● **Stored data**:
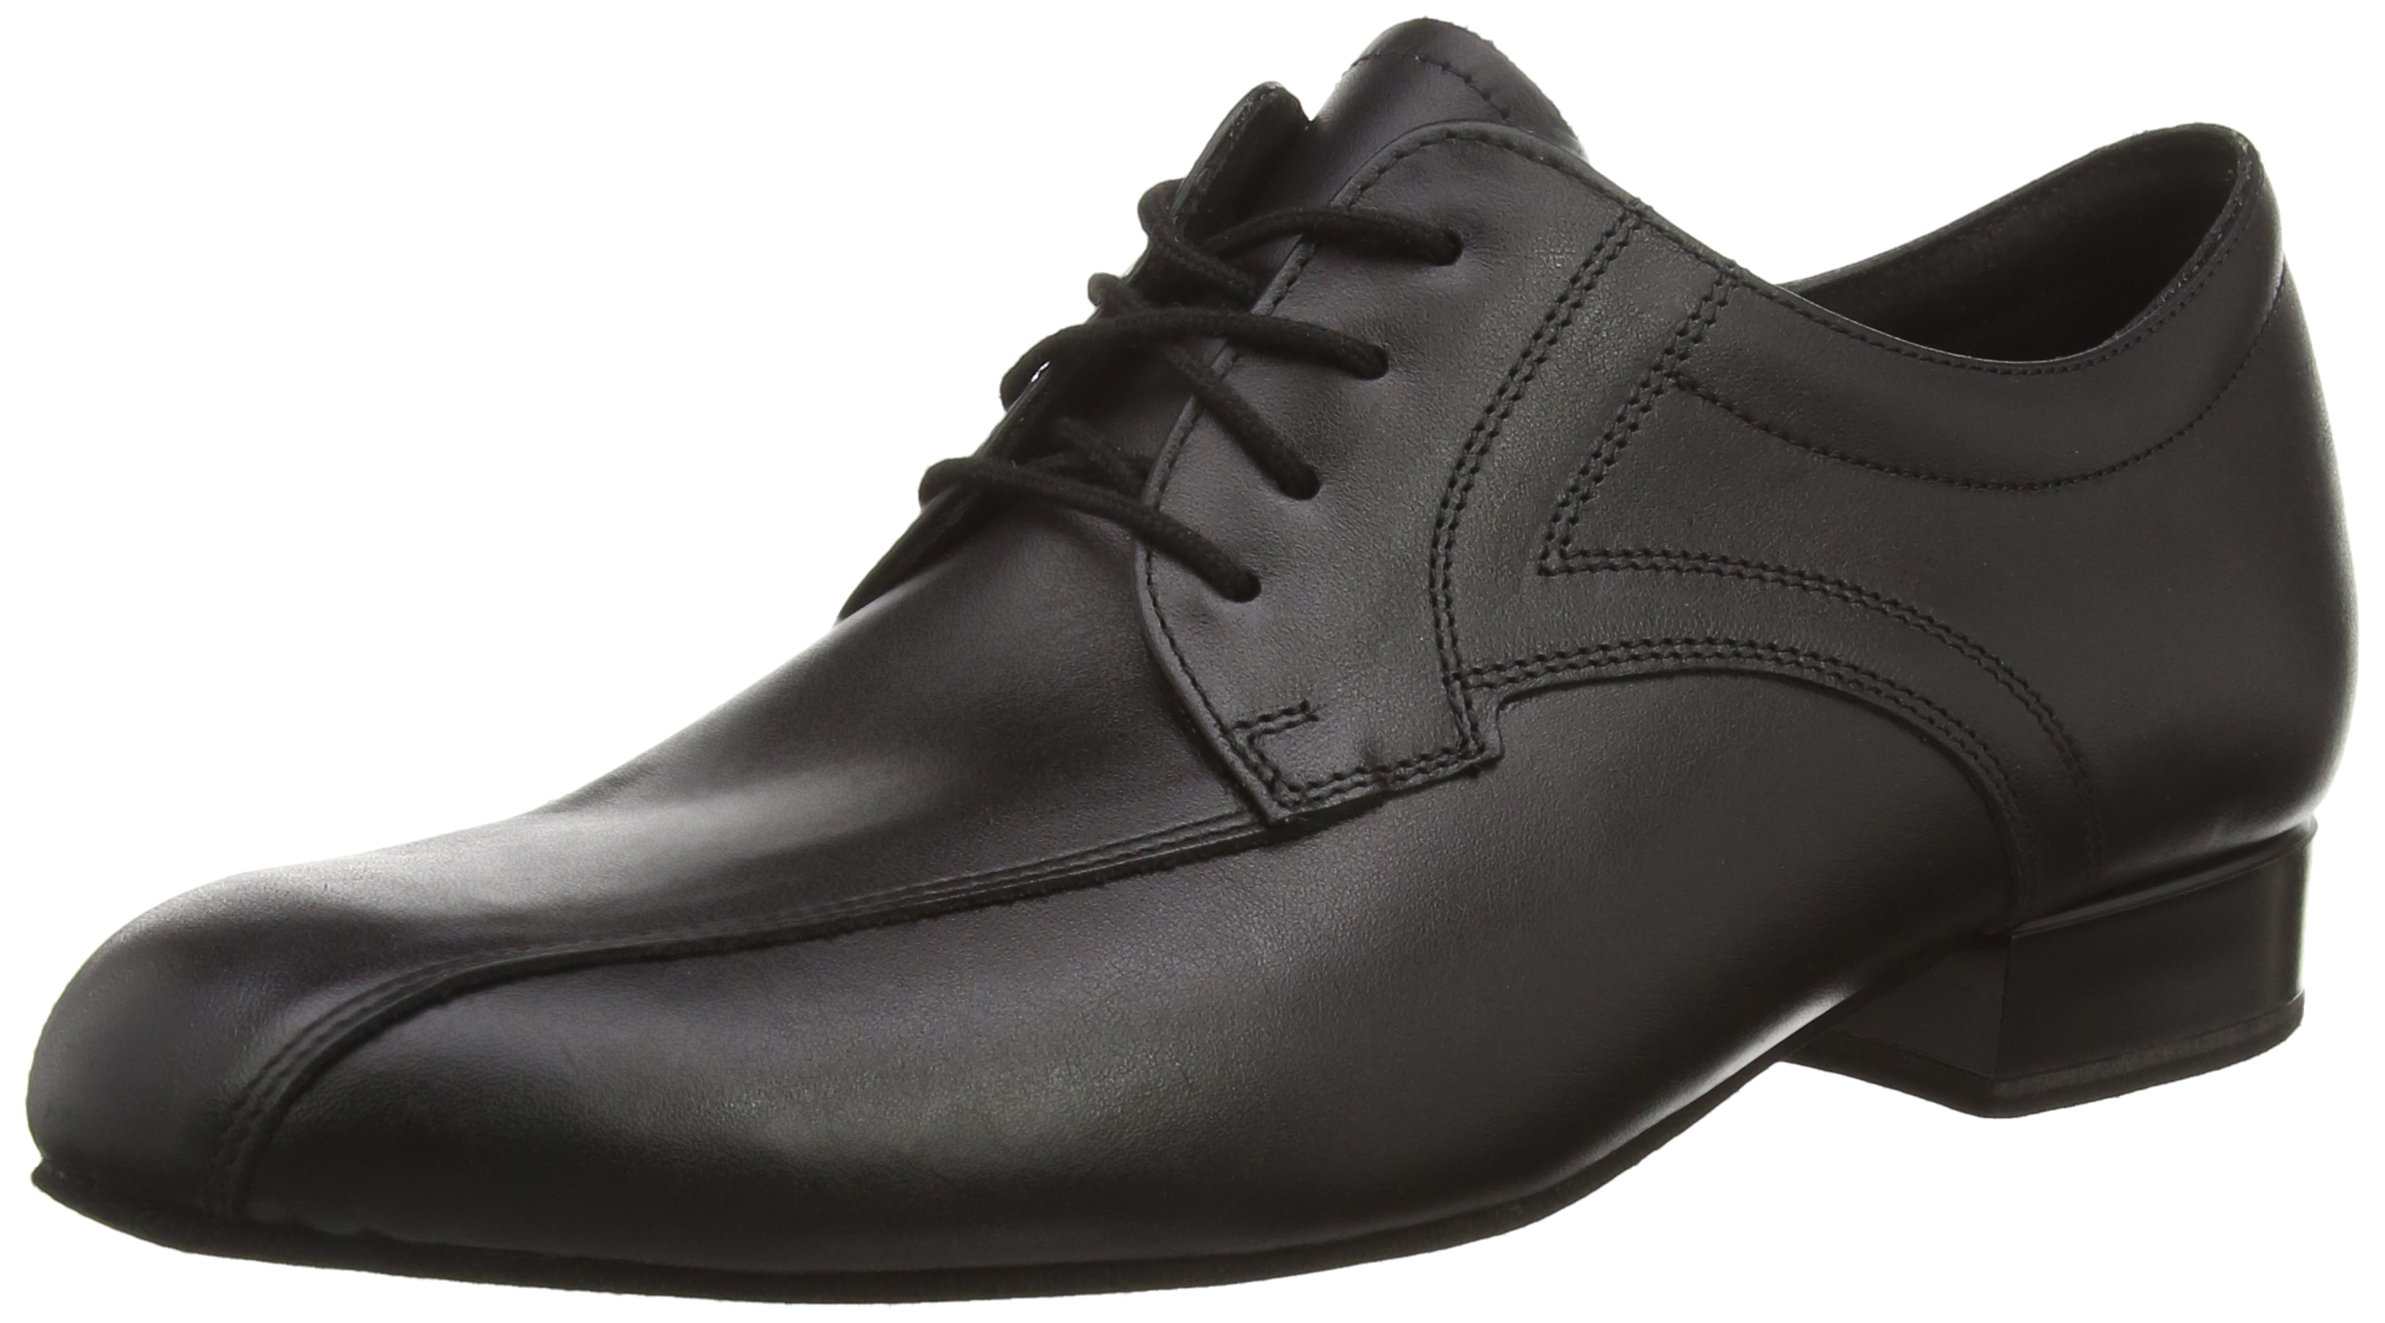 Diamant Men's Model 094 - 3/4'' (2 cm) Standard Shoe (Wide - H Width), 9 W US (8.5 UK)
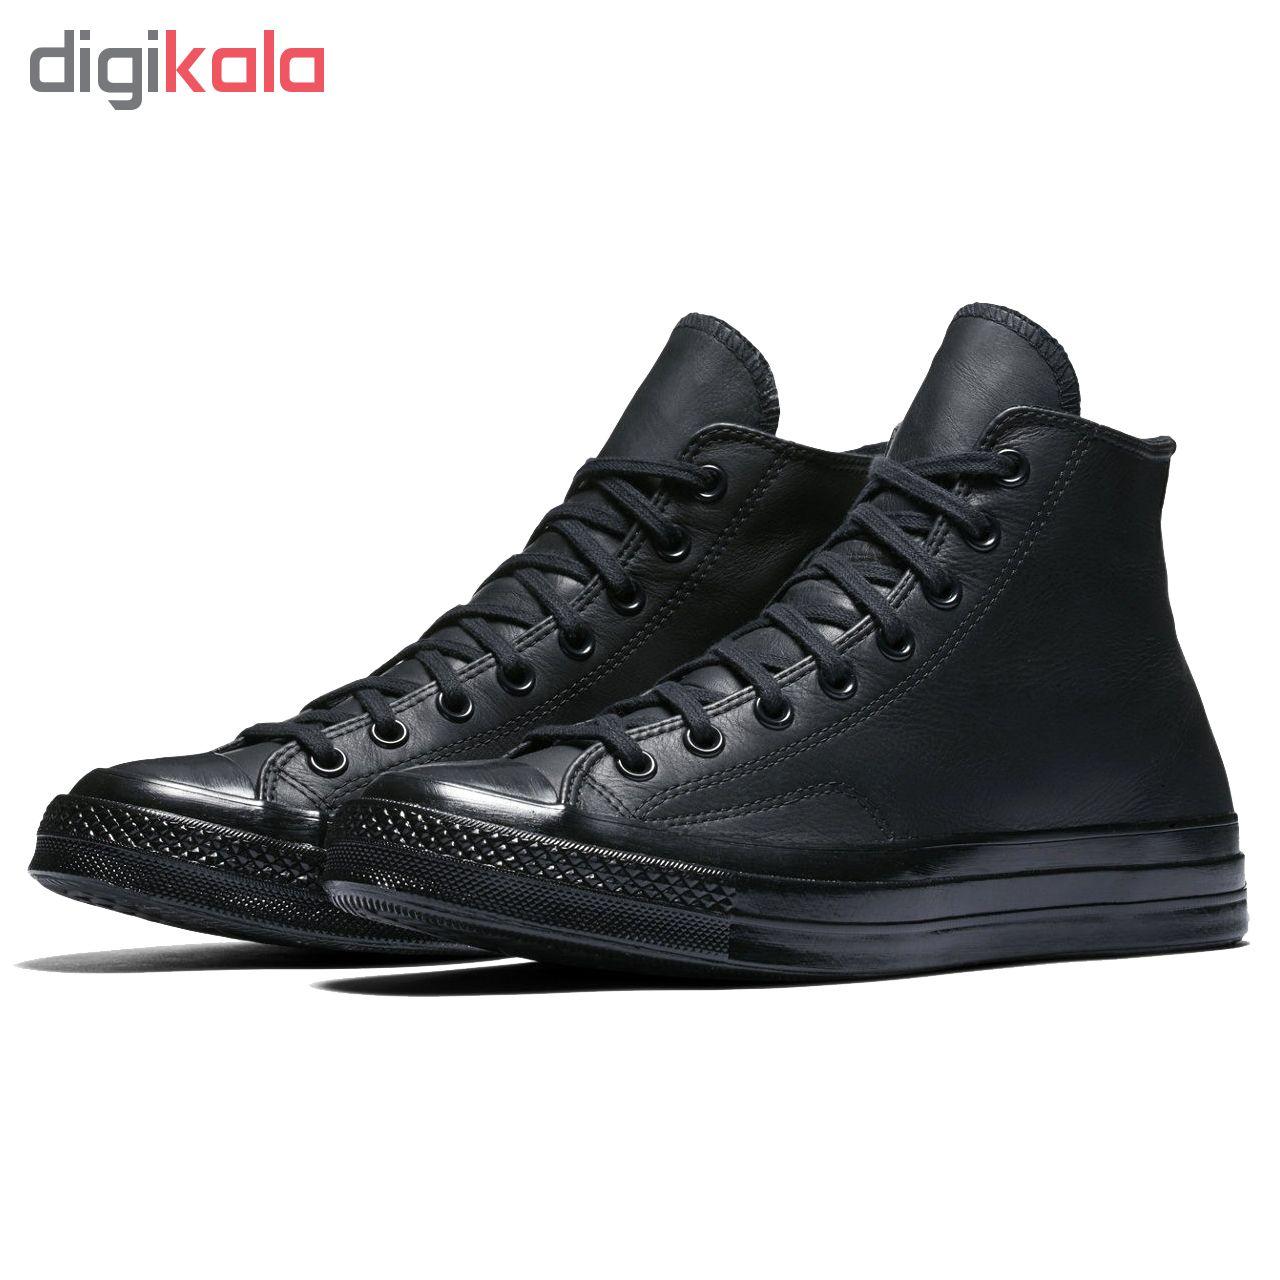 کفش ورزشی کانورس مدل 155454c-001
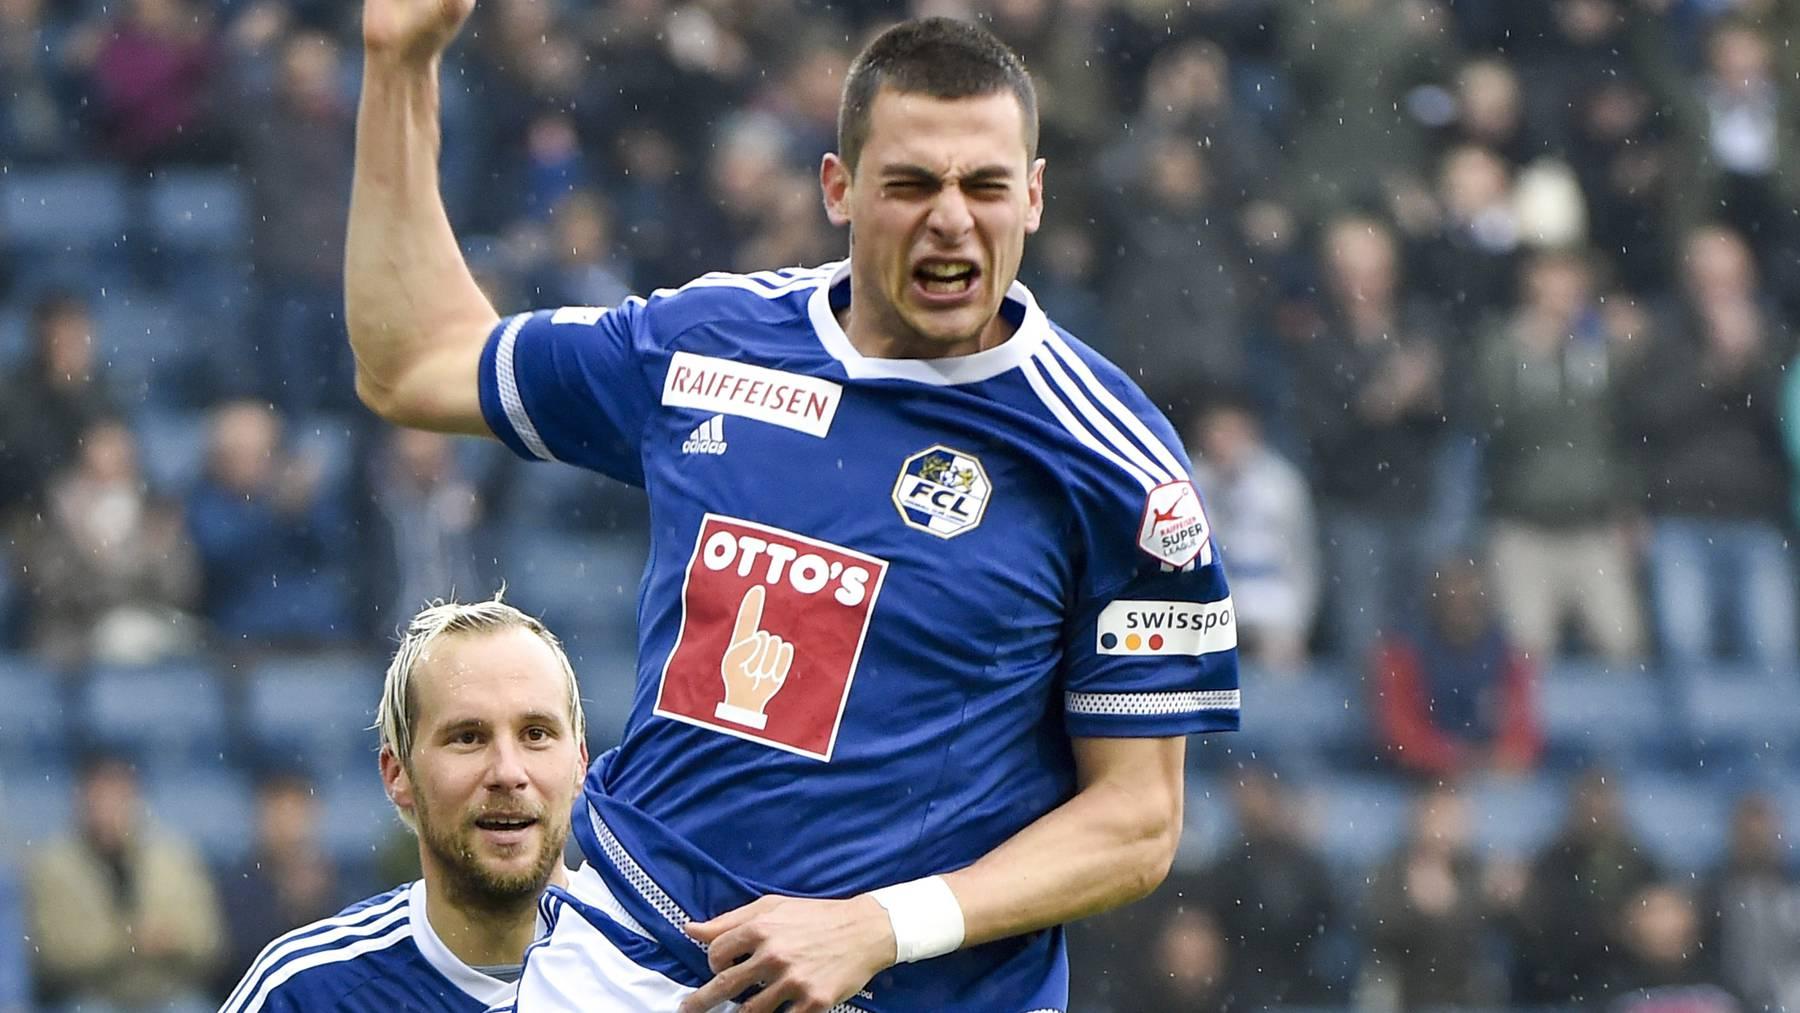 Der FC Luzern gewinnt gegen FC St.Gallen 3:0

● **Work to complete**: From the listing, extract all text exactly as given and drop any picture.

● **Written solution**:
 Diamant Men's Model 094 - 3/4'' (2 cm) Standard Shoe (Wide - H Width), 9 W US (8.5 UK)
 کفش ورزشی کانورس مدل 155454c-001
 Der FC Luzern gewinnt gegen FC St.Gallen 3:0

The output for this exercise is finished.